012.jpg

Jessica Lawson (she/her/hers) is Pushcart-nominated writer, teacher, and queer single parent. Raised in the Midwest and now based in Denver, she holds a B.A. from Smith College, a Ph.D. from the University of Iowa, and an M.F.A. from the University of Colorado-Boulder, where she served as an editor for Timber Journal. Her debut poetry collection, Gash Atlas, is a nightmarish cartography of life in the Trump era. Through poetic and visual “maps,” this collection excavates nested layers of sexuality, violence, and white supremacy, finally turning the lens of critique back on its own speaker.
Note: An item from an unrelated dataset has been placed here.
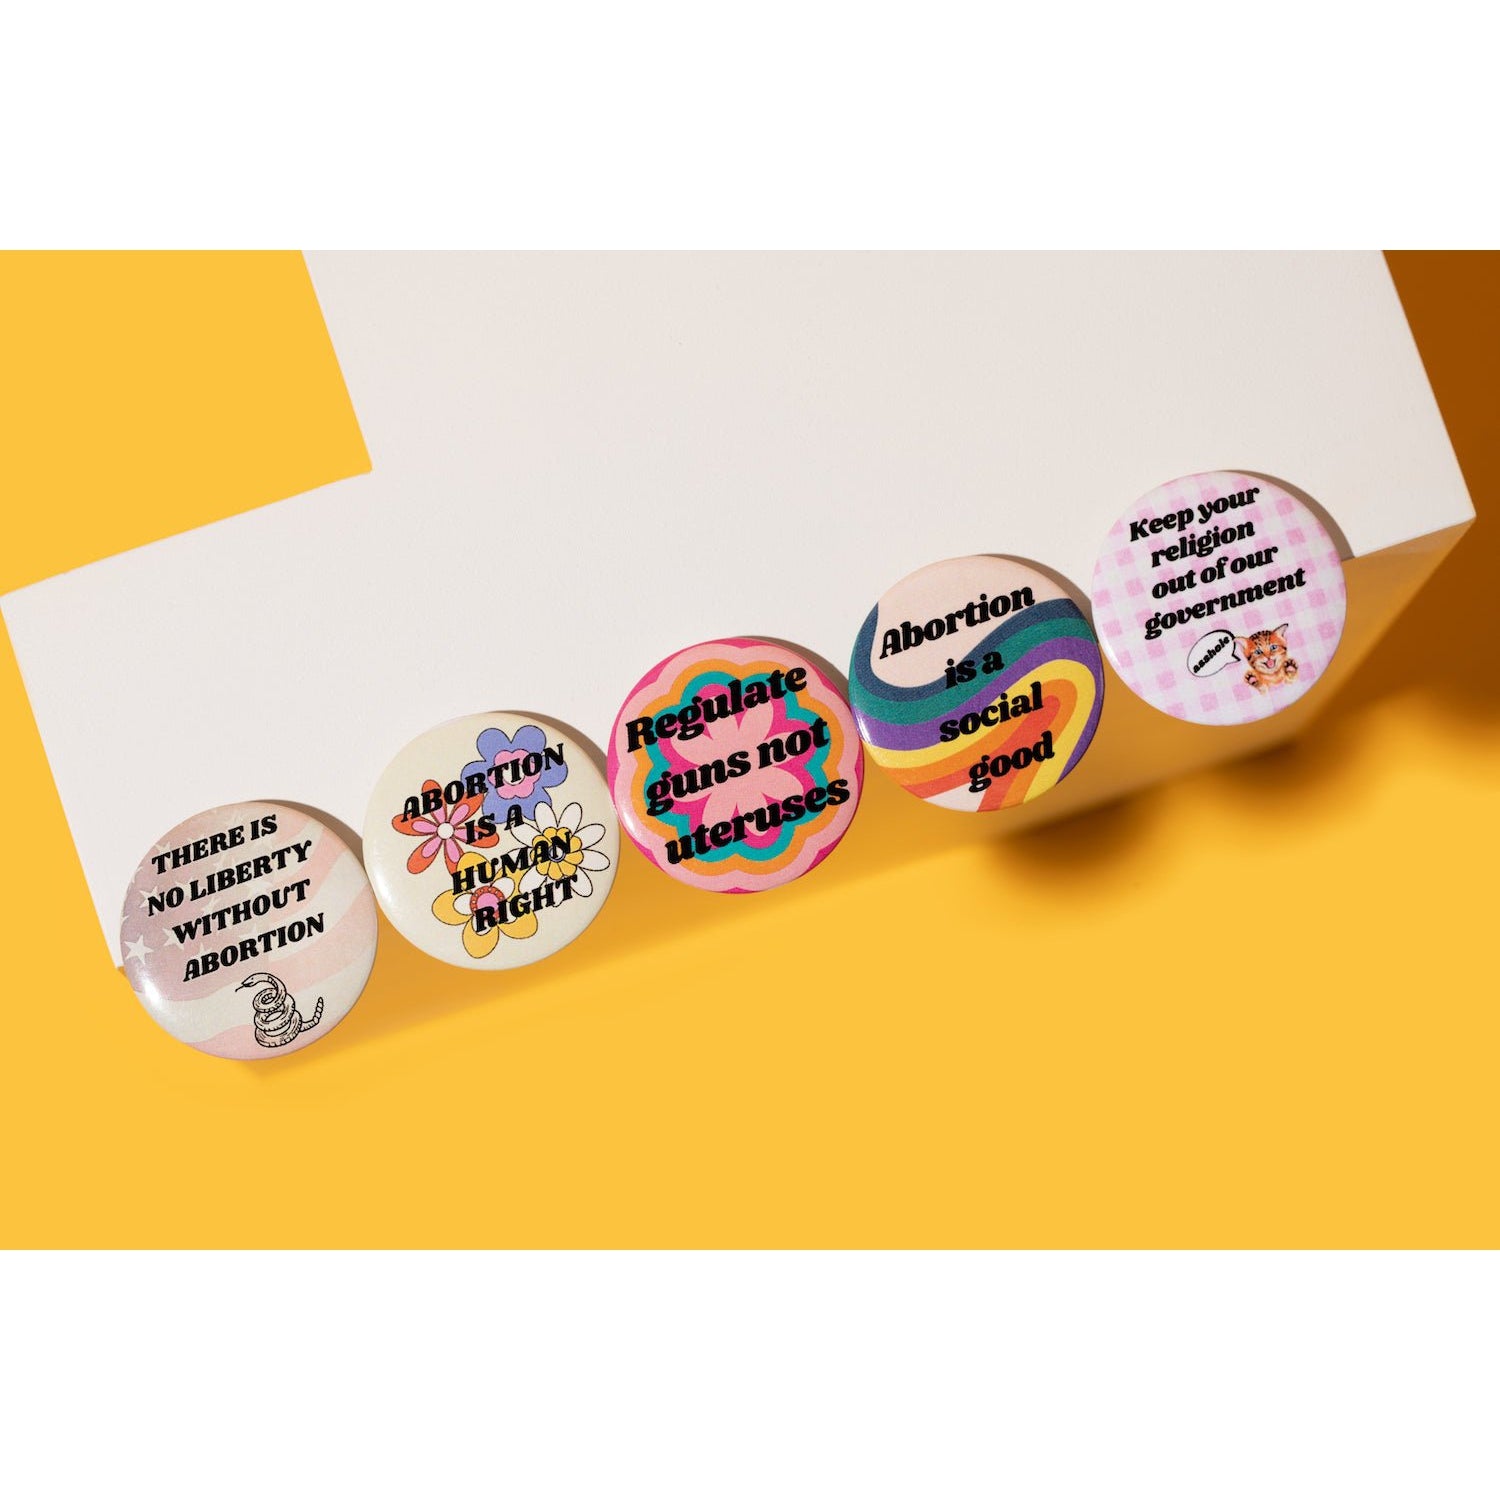 Pro-Choice Abortion Rights Pinback Button Set of 5 | Feminist Reproductive Rights Pin Badges
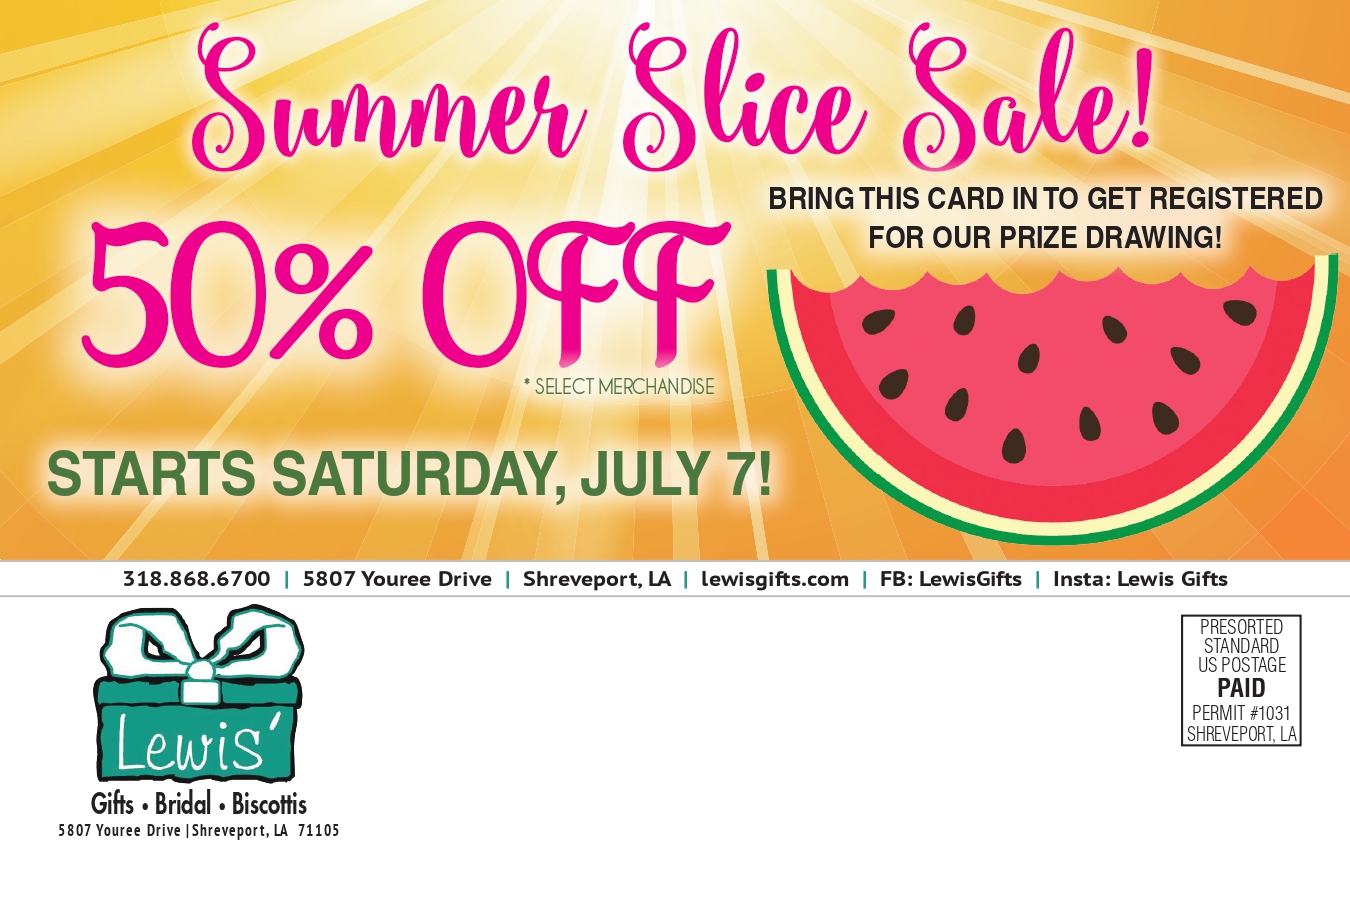 LGIFT Summer Slice Direct Mail Page 2

Gash Atlas was selected by judge Erica Hunt for the Kore Press Institute Poetry Prize and is forthcoming Spring 2022. Her chapbook Rot Contracts (Trouble Department 2020) focuses on family rupture, the law, and the limits of human bonds, and her other writings have appeared in The Rumpus, Dreginald, Entropy, The Wanderer, and elsewhere. Her academic work on 20th and 21st century literature focuses on the impact of marginalization on the body as well as the politics of literary experiment. She teaches undergraduate classes on literary history, creative writing, and gender studies, as well as community workshops focusing on formal innovations in poetry by writers of color and LGBTQIA+ writers.